_Try it_
Omitting all pictures, print the lines of the listing from the one containing "South Island Braided Rivers" through the final line, both ends included, with no other text.

_Information shown_
++++
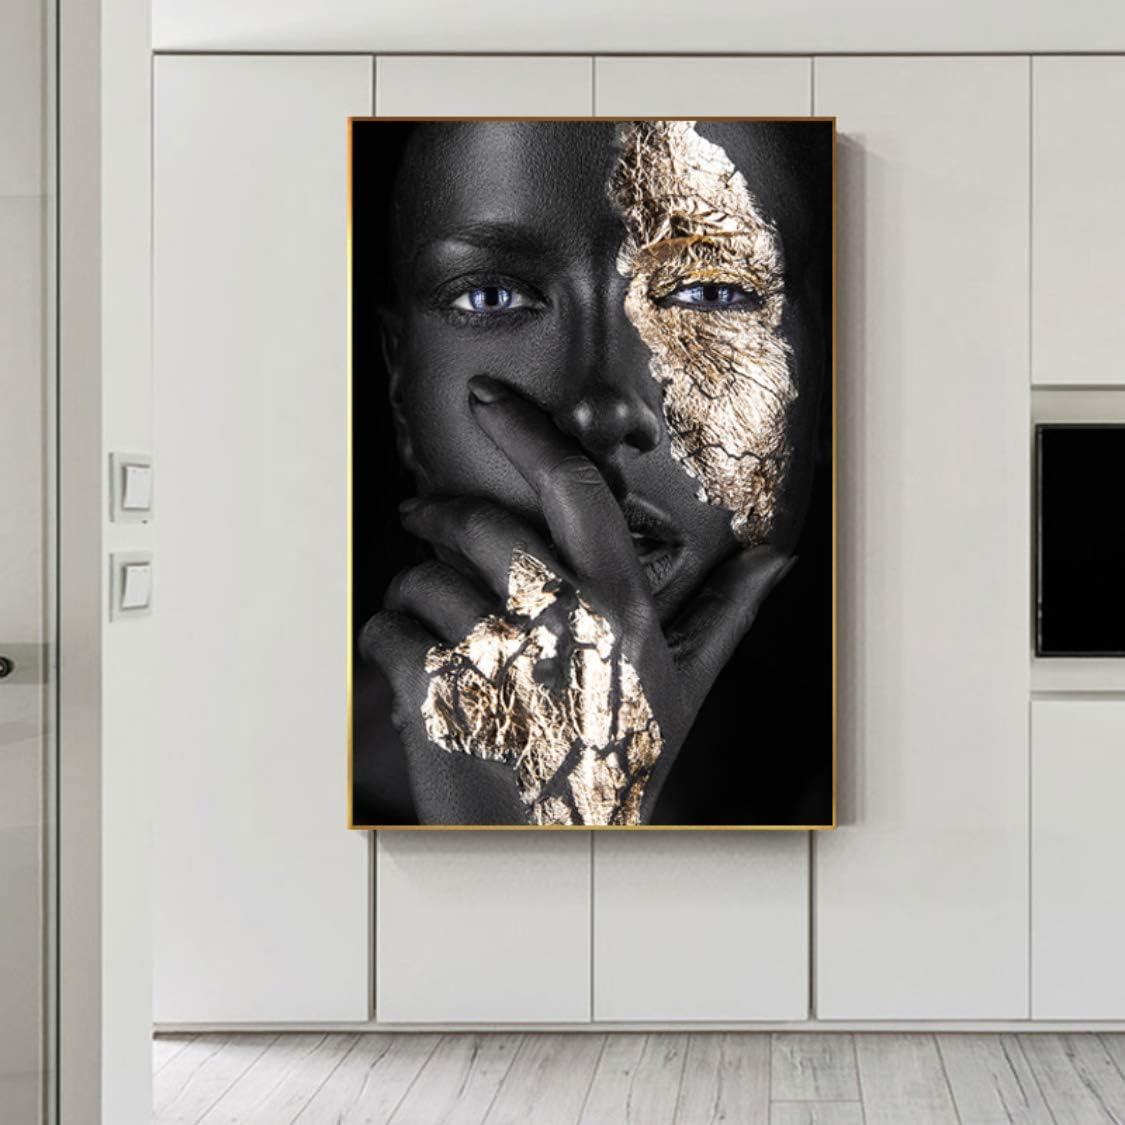 20x40 cm sin marco retrato de labios azules imagen art/ística de pared para sala de estar pintura en lienzo Decoraci/ón moderna para el hogar mujer africana negra carteles e impresiones
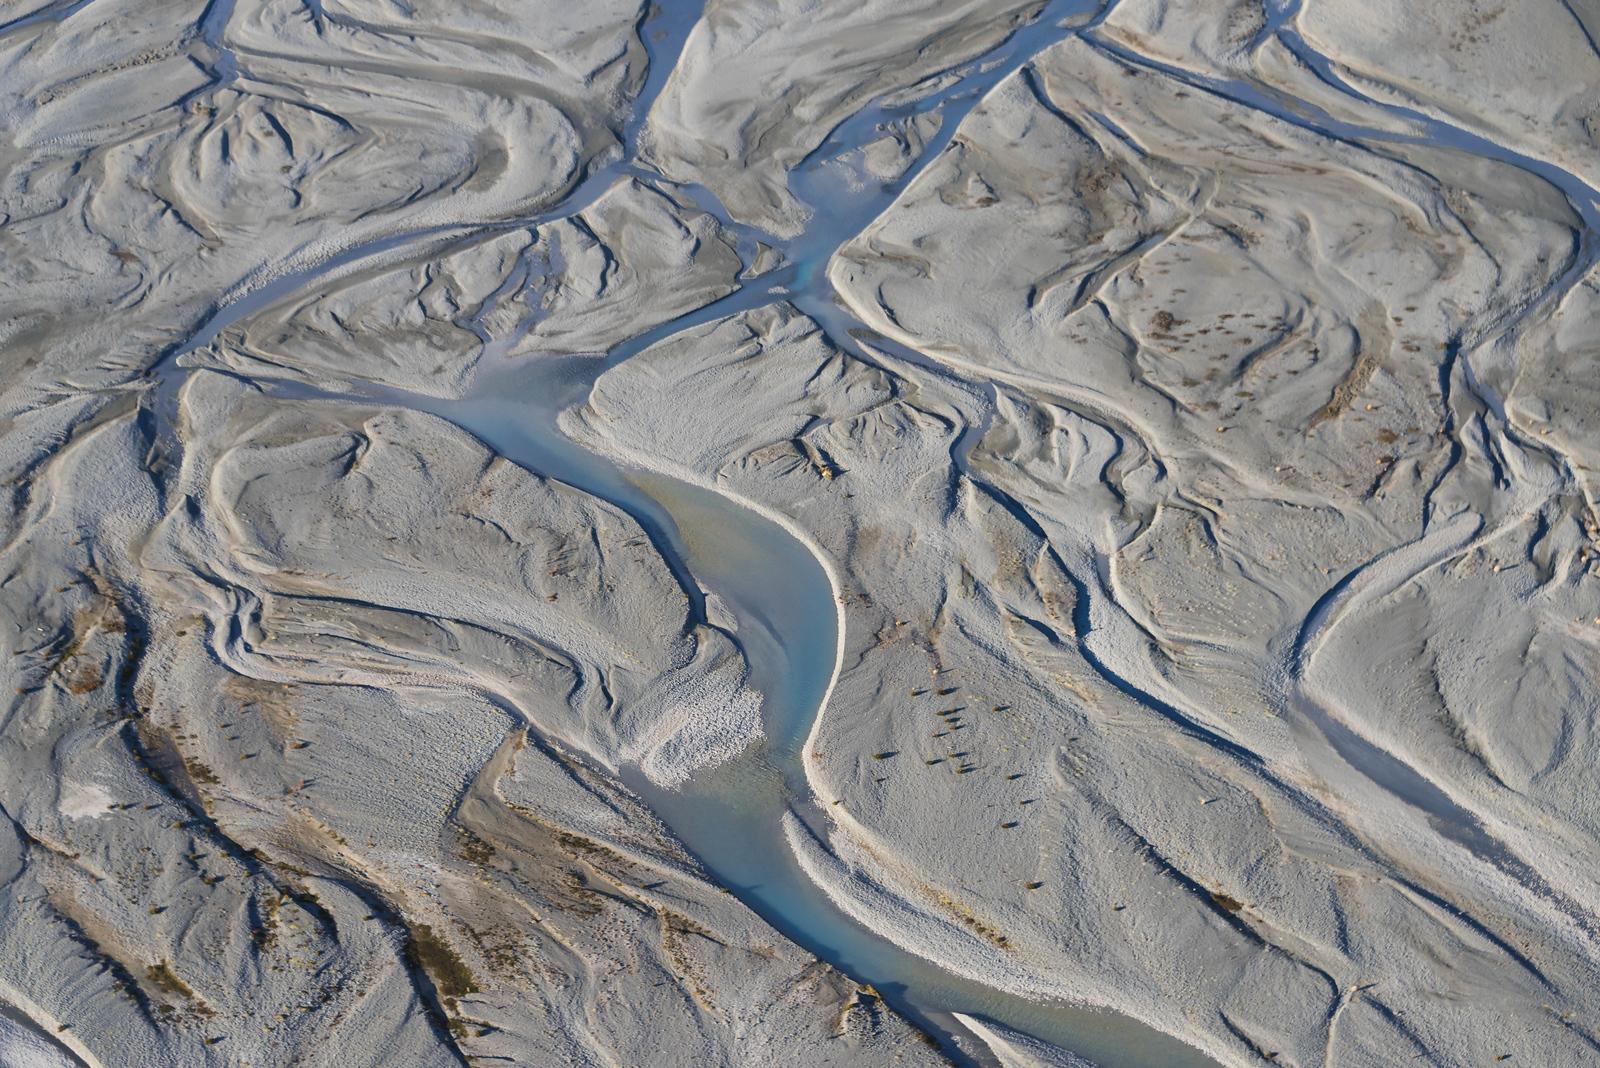 South Island Braided Rivers
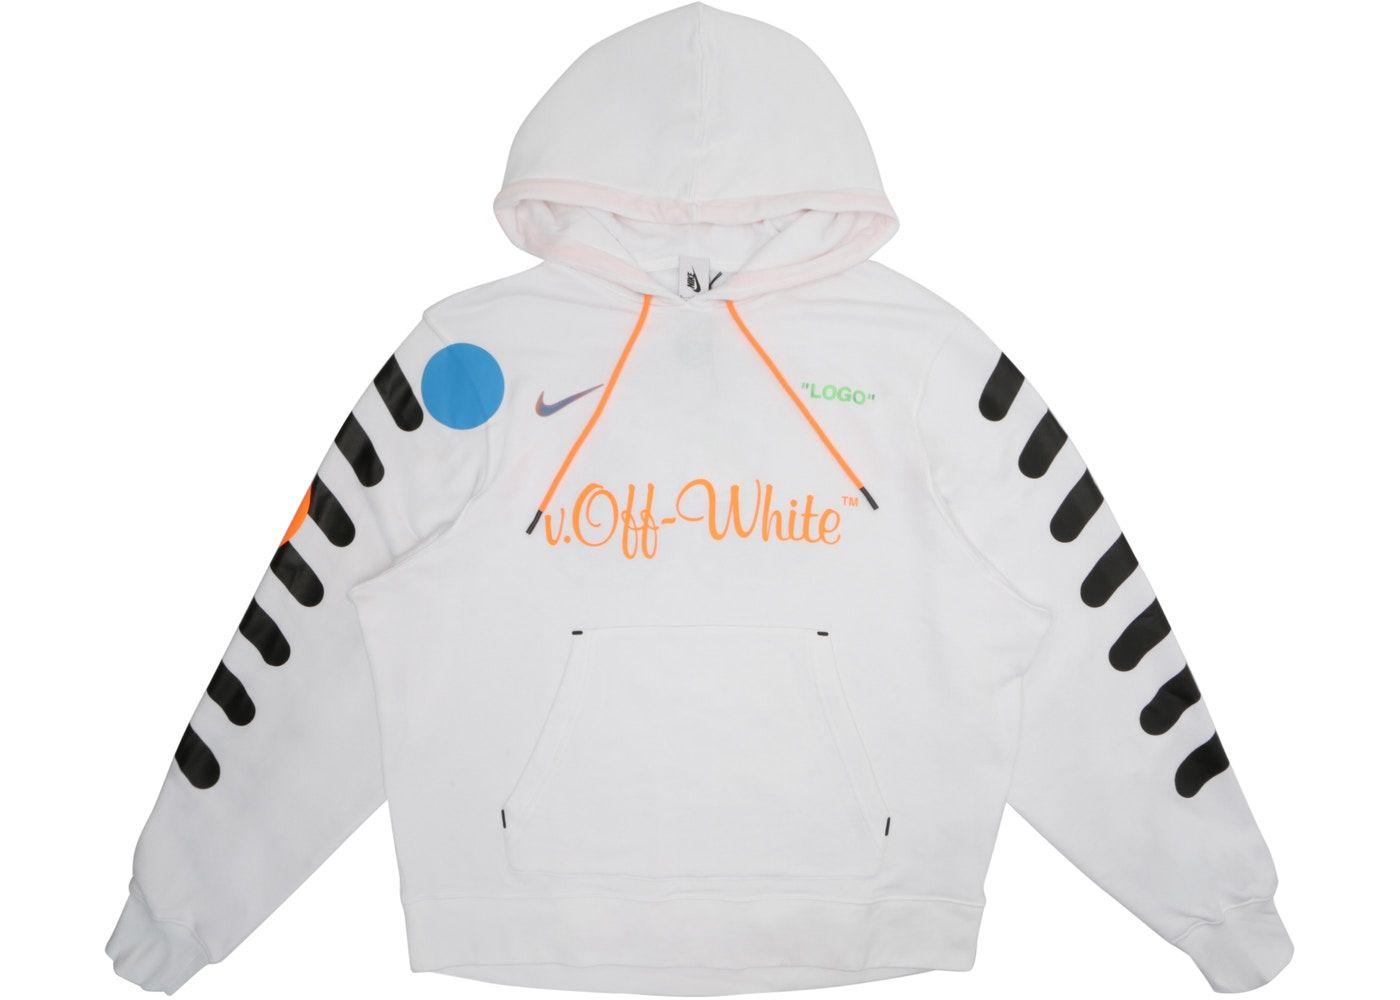 Nikelab X Off White Mercurial Nrg X Hoodie White In 2020 Off White Hoodie White Hoodie Outfit White Hoodie
++++
_Worked solution_
 South Island Braided Rivers
 Nikelab X Off White Mercurial Nrg X Hoodie White In 2020 Off White Hoodie White Hoodie Outfit White Hoodie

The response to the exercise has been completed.